December 17, 2012

No. 272

Way out, past Guardsville, there is a lone cabin at the edge of the river. Nobody has ever gone that far into the woods to see it, except for the time Lorne Johnson lost his canoe paddle and got swept downstream.
He came back with what might be our only description of the place. Certainly, though, the story has been embellished since the first telling.
They say he saw it on a Tuesday. I can tell you right away that this doesn’t make sense. I know for a fact that Lorne meets his girlfriend, Kelly, on Tuesdays, and that she won’t go within a mile of the river. She thinks it’s dirty.
He spoke of a single lantern hung up outside the door, and some kind of monster shadow behind the boarded-up windows. Yes, a shadow behind windows that are covered in wood. I told you, this town will do things to a story that would make your mother blush.
There might have been singing, or eerie music, and Lorne claims it wasn’t in English. I suppose that’s fair. We’ll give him that one.
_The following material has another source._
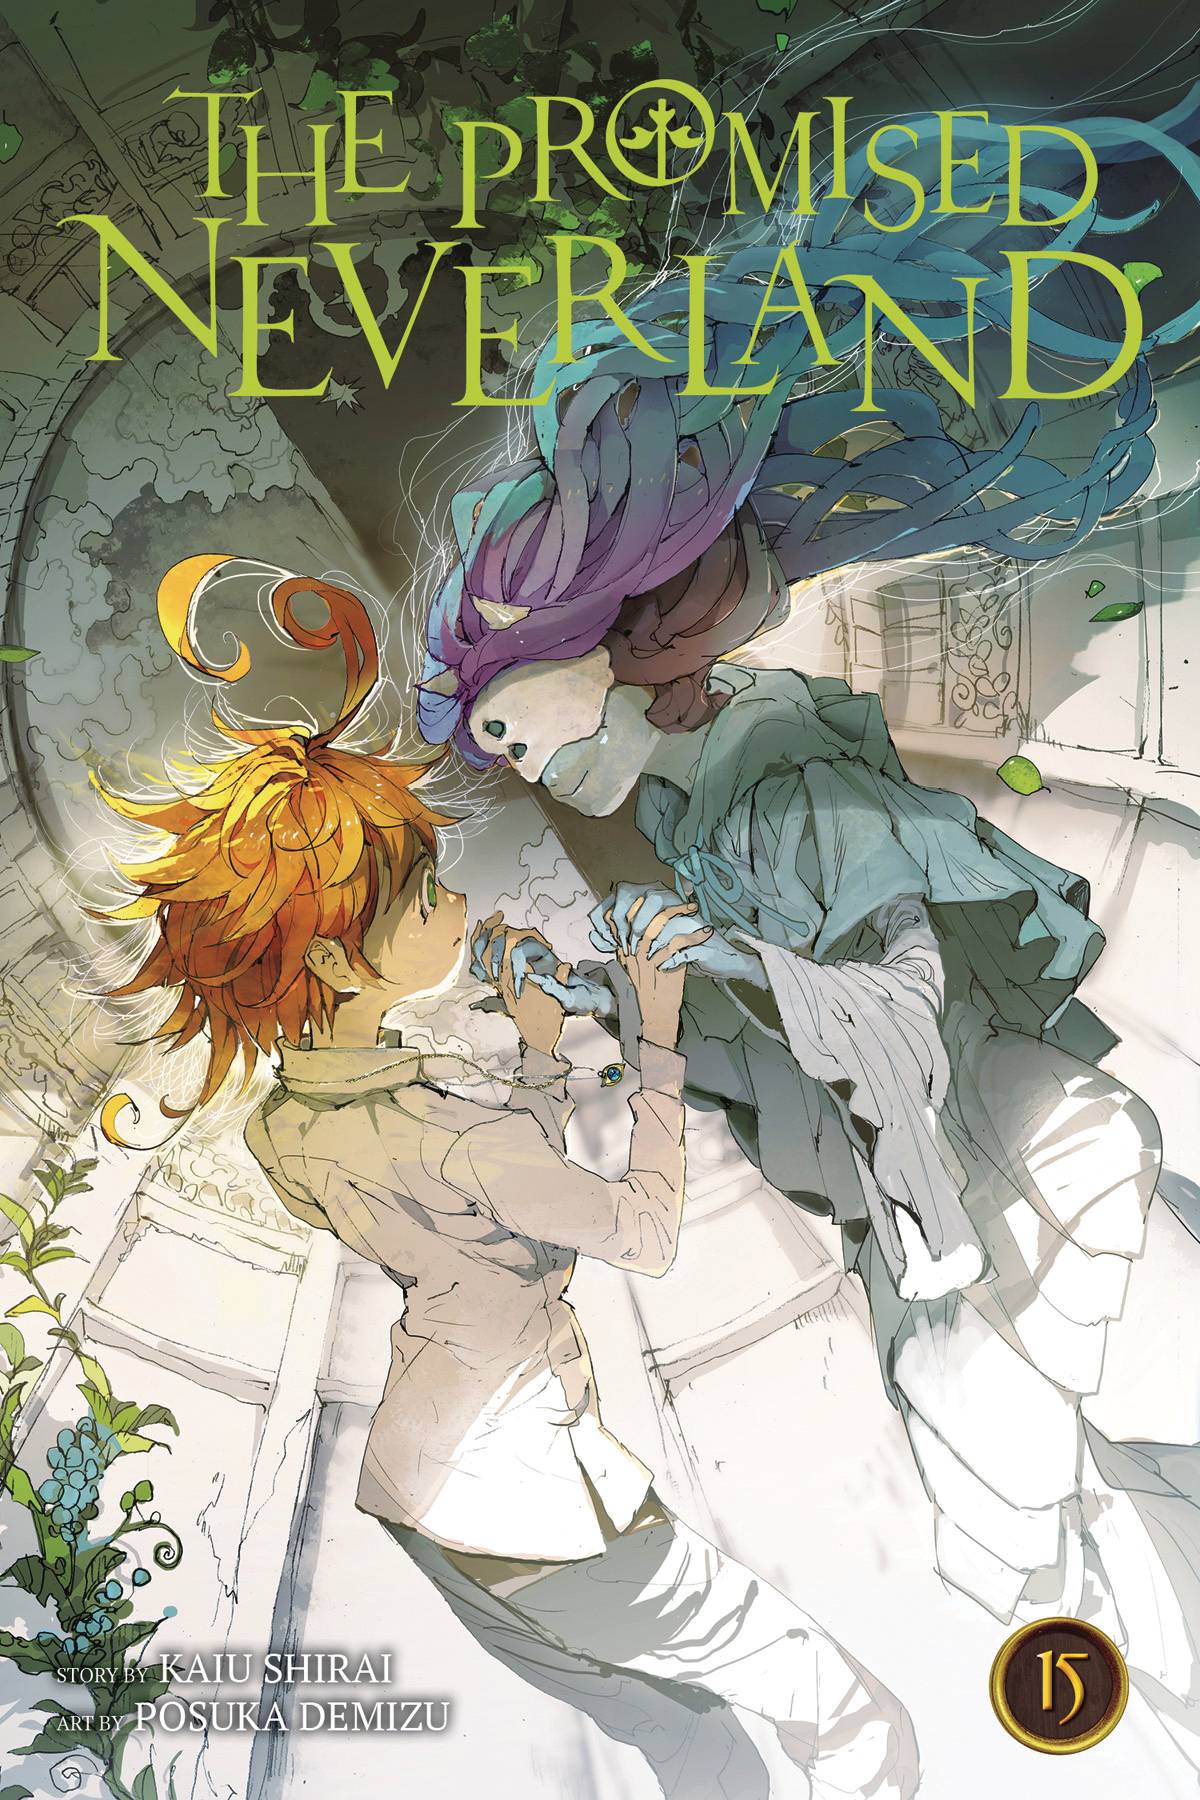 PROMISED NEVERLAND GN VOL 15

Since he managed to make his way home, two weeks later, and after fighting off such dangers as lights and shadows, Lorne says that he thinks he’s being followed. But only ever on Tuesdays. He thinks it’s the “Dark Lady” who lives in the cabin, but we all assume it’s just Trisha, his Friday girlfriend.
Oh, and I almost forgot to tell you about the other part of the story, where there’s a pulsating glow in the sky, and “huge-normous” “snake-tracks” in the ground. I usually try to leave that bit out when I recount the tale to company, because I heard it from Reg Dalton, and he’s even less credible than Lorne.
What we can safely assume from all of this is that, at some point in his life, Lorne has seen a cabin, or cabin-like structure, that he knows what a song is, and that I should probably move, because the folks around here are plum crazy.